Transform.Z(label = "z score", center = TRUE, scale = TRUE)
Transform.VST(label = "VST")
Transform.logFC(label = "log2 FC", LFC.fun = NULL, columns = NULL, ...)
Arguments
label |
label that is used for the heatmap legend |
center |
perform centering when computing Z scores (see scale) |
scale |
perform scaling when computing Z scores (see scale) |
LFC.fun |
function to compute log fold changes (default: PsiLFC, other viable option: NormLFC) |
columns |
which columns (i.e. samples or cells) to use as reference when computing log fold changes (see details) |
... |
further parameters passed down to LFC.fun |
Details
These functions should be used as transform parameter to PlotHeatmap. Available data transformations are
transform=Transform.Z(): compute z scores for each row; you can omit the usual centering or scaling by setting the respective parameters to false; see scale
transform=Transform.VST(): do a variance stabilizing transformation using vst
transform=Transform.logFC(): compute log2 fold changes to one or several reference columns; see below how to define them; fold changes are computed using the lfc package)
transform=Transform.no(): do not transform
The label to be used in the heatmap legend can be changed by specifying the label parameter.
For Transform.logFC, columns can be given as a logical, integer or character vector representing a selection of the columns (samples or cells).
Value
A function that transforms a matrix.
Estimate parameters for a one-shot experiment.
Description
Under steady state conditions it is straight-forward to estimate s and d.

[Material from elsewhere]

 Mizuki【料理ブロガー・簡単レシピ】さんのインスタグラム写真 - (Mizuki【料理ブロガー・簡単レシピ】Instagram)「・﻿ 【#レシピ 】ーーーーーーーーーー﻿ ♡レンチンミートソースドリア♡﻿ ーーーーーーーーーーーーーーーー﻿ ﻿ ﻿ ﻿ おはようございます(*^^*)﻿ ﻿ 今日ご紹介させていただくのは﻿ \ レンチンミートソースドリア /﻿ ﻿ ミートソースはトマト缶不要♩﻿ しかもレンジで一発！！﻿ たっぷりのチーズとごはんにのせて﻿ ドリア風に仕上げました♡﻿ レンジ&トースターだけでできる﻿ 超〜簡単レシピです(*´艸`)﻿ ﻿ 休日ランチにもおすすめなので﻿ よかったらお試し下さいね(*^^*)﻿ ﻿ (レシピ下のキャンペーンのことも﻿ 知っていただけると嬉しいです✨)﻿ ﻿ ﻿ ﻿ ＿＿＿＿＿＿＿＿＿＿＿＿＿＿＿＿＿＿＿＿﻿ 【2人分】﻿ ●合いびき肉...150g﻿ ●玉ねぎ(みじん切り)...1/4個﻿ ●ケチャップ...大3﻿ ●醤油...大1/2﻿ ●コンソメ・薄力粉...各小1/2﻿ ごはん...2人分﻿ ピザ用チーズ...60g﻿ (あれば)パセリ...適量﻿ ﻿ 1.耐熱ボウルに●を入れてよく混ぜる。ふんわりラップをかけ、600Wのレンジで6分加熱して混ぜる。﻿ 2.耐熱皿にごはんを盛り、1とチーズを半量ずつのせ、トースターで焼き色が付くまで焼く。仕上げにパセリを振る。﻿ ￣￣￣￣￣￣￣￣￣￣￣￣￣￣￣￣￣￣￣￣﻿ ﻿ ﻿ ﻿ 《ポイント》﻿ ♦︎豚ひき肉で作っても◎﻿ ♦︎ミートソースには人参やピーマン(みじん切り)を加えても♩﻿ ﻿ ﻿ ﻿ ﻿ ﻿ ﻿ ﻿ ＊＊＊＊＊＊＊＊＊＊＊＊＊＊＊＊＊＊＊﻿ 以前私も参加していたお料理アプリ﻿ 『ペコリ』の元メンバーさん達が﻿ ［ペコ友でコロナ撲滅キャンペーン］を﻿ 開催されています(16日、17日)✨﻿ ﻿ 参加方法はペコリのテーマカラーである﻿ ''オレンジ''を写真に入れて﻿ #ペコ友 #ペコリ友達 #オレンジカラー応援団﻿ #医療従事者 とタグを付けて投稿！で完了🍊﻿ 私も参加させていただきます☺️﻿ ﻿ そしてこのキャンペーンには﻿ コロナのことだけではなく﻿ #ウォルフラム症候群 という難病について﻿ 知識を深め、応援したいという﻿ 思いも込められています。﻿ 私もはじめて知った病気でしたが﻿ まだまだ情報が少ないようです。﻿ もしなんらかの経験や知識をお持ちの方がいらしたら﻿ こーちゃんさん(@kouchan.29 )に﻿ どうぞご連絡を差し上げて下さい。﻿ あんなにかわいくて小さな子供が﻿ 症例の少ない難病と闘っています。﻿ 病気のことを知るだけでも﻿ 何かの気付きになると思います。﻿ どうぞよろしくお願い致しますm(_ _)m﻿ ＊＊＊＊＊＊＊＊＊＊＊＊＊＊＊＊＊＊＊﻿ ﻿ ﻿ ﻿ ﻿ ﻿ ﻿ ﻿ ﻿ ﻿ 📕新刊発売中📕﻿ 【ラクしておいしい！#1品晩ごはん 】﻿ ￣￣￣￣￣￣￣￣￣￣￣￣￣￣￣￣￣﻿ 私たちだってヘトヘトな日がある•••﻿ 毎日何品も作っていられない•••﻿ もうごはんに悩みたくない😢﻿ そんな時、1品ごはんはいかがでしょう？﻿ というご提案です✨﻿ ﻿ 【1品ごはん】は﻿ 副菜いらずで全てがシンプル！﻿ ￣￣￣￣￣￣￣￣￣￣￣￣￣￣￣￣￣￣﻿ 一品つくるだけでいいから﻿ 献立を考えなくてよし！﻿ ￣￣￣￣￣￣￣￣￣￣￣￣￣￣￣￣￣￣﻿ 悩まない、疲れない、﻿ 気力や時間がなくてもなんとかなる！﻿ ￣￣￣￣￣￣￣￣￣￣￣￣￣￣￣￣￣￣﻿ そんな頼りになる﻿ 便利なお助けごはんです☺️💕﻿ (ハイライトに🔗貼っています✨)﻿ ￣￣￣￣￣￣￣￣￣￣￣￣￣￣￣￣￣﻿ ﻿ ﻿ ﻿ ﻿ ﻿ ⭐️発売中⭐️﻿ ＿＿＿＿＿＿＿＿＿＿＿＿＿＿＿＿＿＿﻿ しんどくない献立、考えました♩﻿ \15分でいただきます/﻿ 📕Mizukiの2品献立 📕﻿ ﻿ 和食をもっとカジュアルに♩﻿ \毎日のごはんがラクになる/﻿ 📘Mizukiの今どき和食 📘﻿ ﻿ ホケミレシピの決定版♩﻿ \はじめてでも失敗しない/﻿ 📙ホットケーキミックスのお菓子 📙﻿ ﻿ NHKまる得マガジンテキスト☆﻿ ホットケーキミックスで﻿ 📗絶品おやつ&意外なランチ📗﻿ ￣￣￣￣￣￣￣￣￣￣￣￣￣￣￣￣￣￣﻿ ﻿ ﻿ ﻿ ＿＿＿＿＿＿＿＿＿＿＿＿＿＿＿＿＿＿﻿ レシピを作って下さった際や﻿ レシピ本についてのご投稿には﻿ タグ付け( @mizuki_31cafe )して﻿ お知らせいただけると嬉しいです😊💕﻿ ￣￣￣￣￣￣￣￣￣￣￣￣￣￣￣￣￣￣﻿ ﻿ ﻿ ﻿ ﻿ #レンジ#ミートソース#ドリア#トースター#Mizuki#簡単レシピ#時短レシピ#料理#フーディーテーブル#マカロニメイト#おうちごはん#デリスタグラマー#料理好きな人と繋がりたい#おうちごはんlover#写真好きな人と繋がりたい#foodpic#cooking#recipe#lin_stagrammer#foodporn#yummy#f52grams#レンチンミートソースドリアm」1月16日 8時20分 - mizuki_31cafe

Otherwise, the total levels at some other time point are needed.
Usage
TransformSnapshot(ntr, total, t, t0 = NULL, f0 = NULL, full.return = FALSE)
Arguments
ntr |
the new to total RNA ratio (measured) |
total |
the total level of RNA (measured) |
t |
the labeling duration |
t0 |
time before measurement at which f0 is total level (only necessary under non-steady-state conditions) |
f0 |
total level at t0 (only necessary under non-steady-state conditions) |
full.return |
also return the provided parameters |
Details
t0 must be given as the total time in between the measurement of f0 and the given ntr and total values!
Value
a named vector for s and d
Update symbols using biomaRt
Description
If your input files only contained ENSEMBL ids, use this to add gene symbols!
Usage
UpdateSymbols(data, species = NULL, current.value = "ensembl_gene_id")
Arguments
data |
a grandR object |
species |
the species the genes belong to (eg "Homo sapiens"); can be NULL, then the species is inferred from gene ids (see details) |
current.value |
What it the current value in the symbols field? |
Details
If no species is given, a very simple automatic inference is done, which will only work when having human or mouse ENSEMBL identifiers as gene ids.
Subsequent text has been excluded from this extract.